Rahim’s ascent has been constrained by the asymmetries of Test cricket. He has played only 14 Tests in SENA countries, averaging 21.92. Six of those came after 2017 — two in New Zealand, where he averaged 94.50, and four in South Africa, where he struggled at 19. No Tests in England or Australia since 2016. Even in Bangladesh, SENA opposition has been sporadic.

That uneven exposure has distorted the perception of Rahim’s quality. The weight given to performances in SENA countries remains the litmus test for batting greatness. And Rahim has had neither the platform nor the privileges to make that case fully.

What he has done is maximize every controllable within his grasp.

Since 2017, his home and away averages are strikingly consistent: 43.93 and 46.15. His centuries span the globe — from Galle to Rawalpindi, Hyderabad to Wellington. At home, he has flourished: three unbeaten scores over 175, including two double centuries. Since 2020, his Test average of 46.42 eclipses Steve Smith’s 46.17 — a quiet, almost ironic, footnote in cricket's statistical archives.

A Legacy Cast in Grit, Not Glamour

Rahim has always been a cricketer's cricketer. Understated. Uncelebrated. Yet unmistakably elite. His skill against spin is matched by few. His glove work may have often taken a back seat to his batting, but it was never unworthy. In hindsight, had he relinquished the gloves earlier, he might have soared higher with the bat. But Rahim chose devotion over convenience.

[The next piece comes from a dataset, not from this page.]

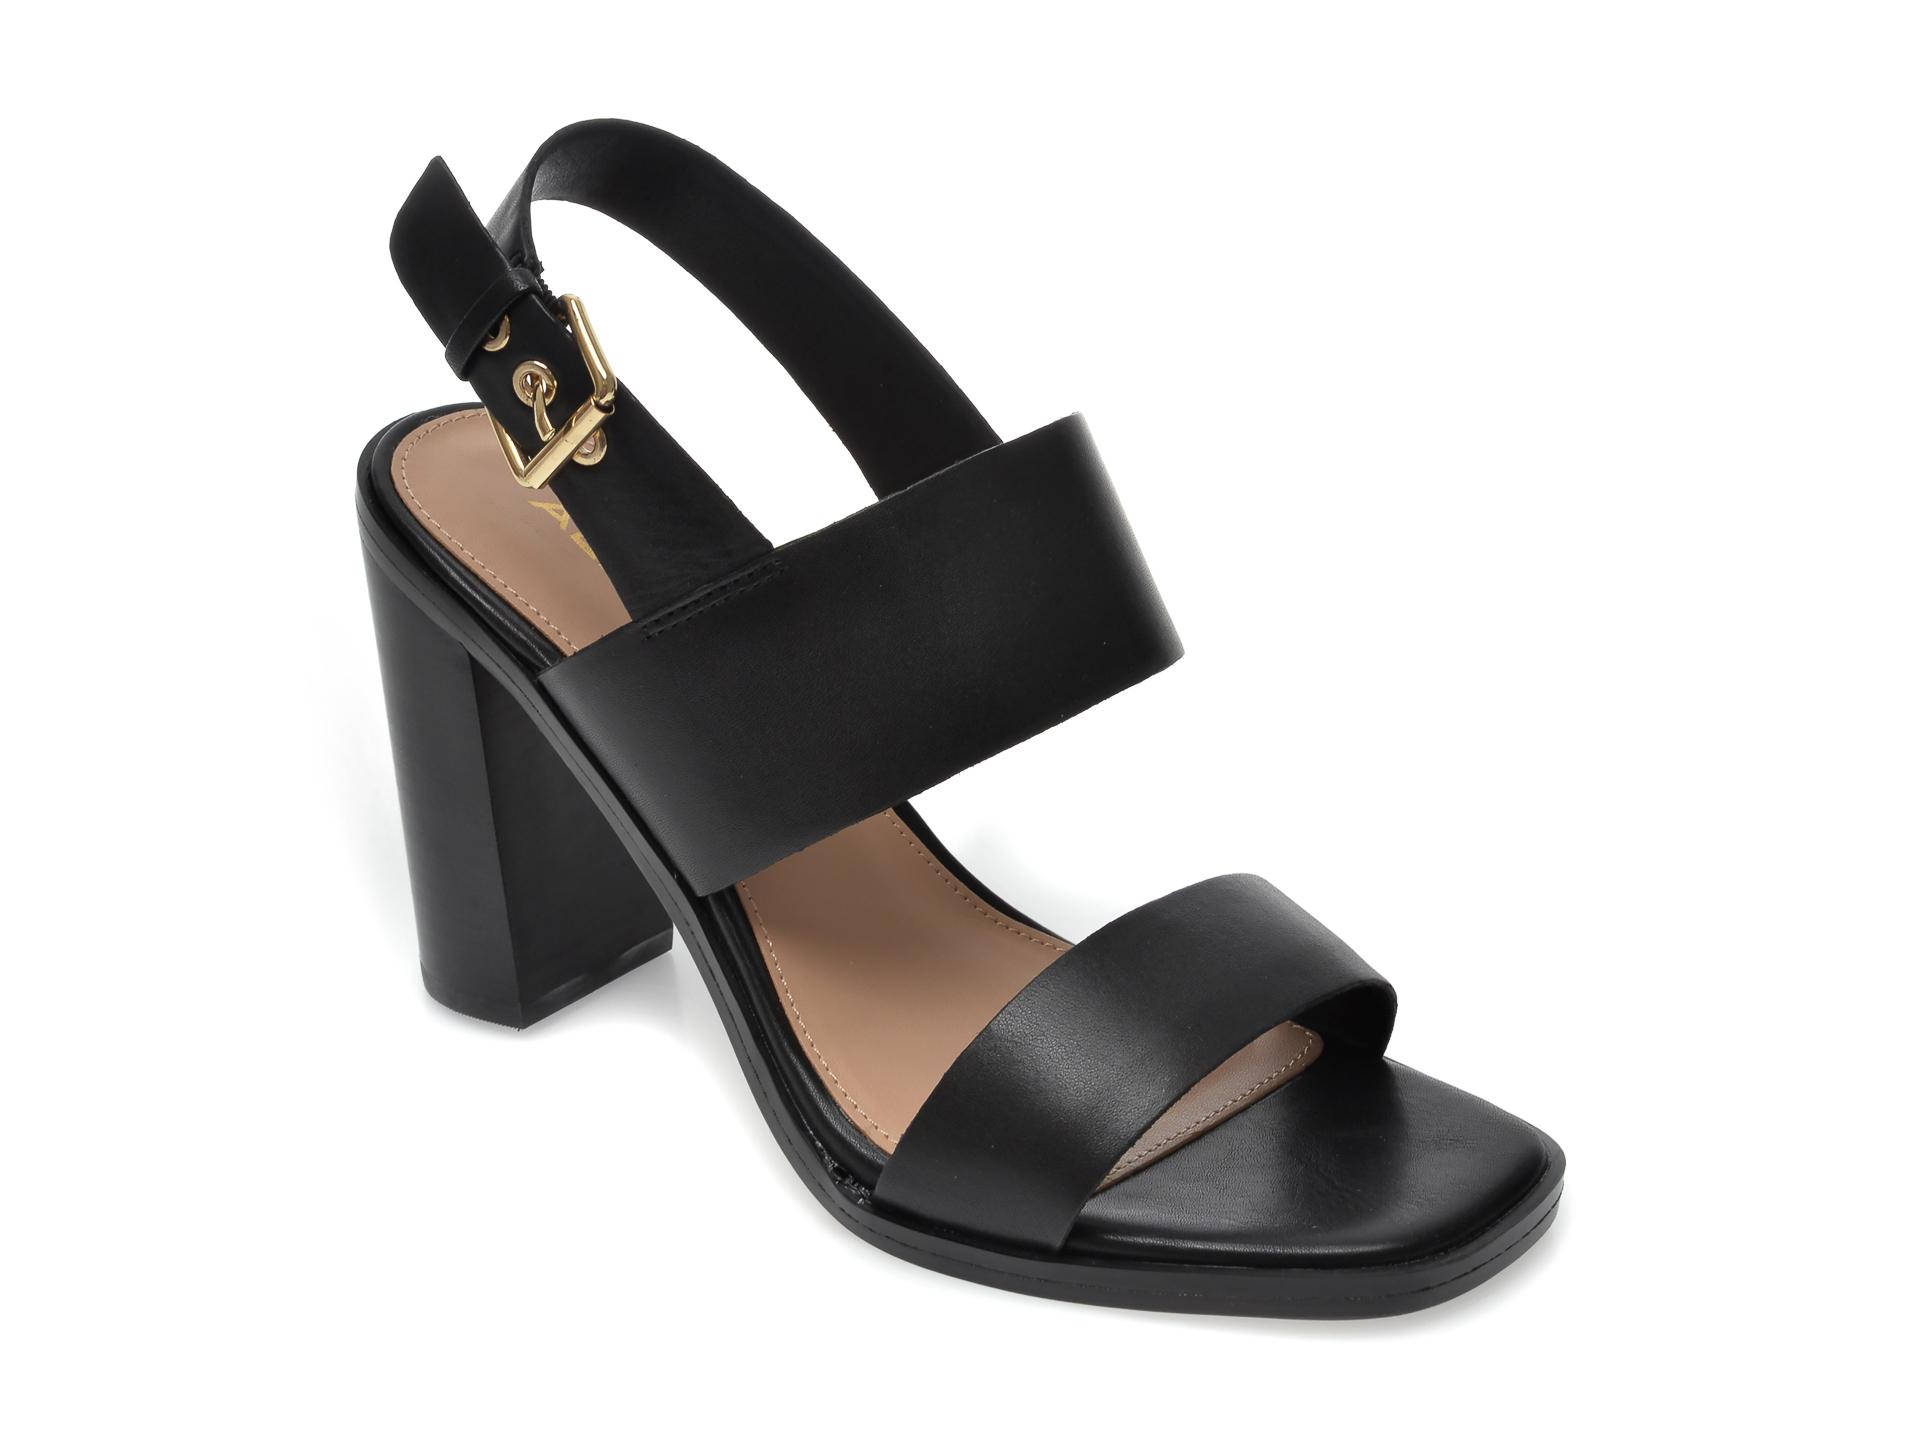 Sandale ALDO negre, Fielia001, din piele naturala imagine otter.ro 2021

He has been criticized for wearing his heart on his sleeve — sometimes too tightly. The emotional strain of carrying Bangladesh’s middle order and the added burden of wicketkeeping may have exacted a toll. But that emotional core also fuelled his longevity, his resilience, and his quiet dominance.

Mushfiqur Rahim will perhaps never be counted among the pantheon of global greats. But within the context of Bangladesh cricket — and indeed, the global narrative of undervalued brilliance — he stands tall.

Not every great player makes headlines. Some, like Rahim, make history — quietly, persistently, and with unwavering grace.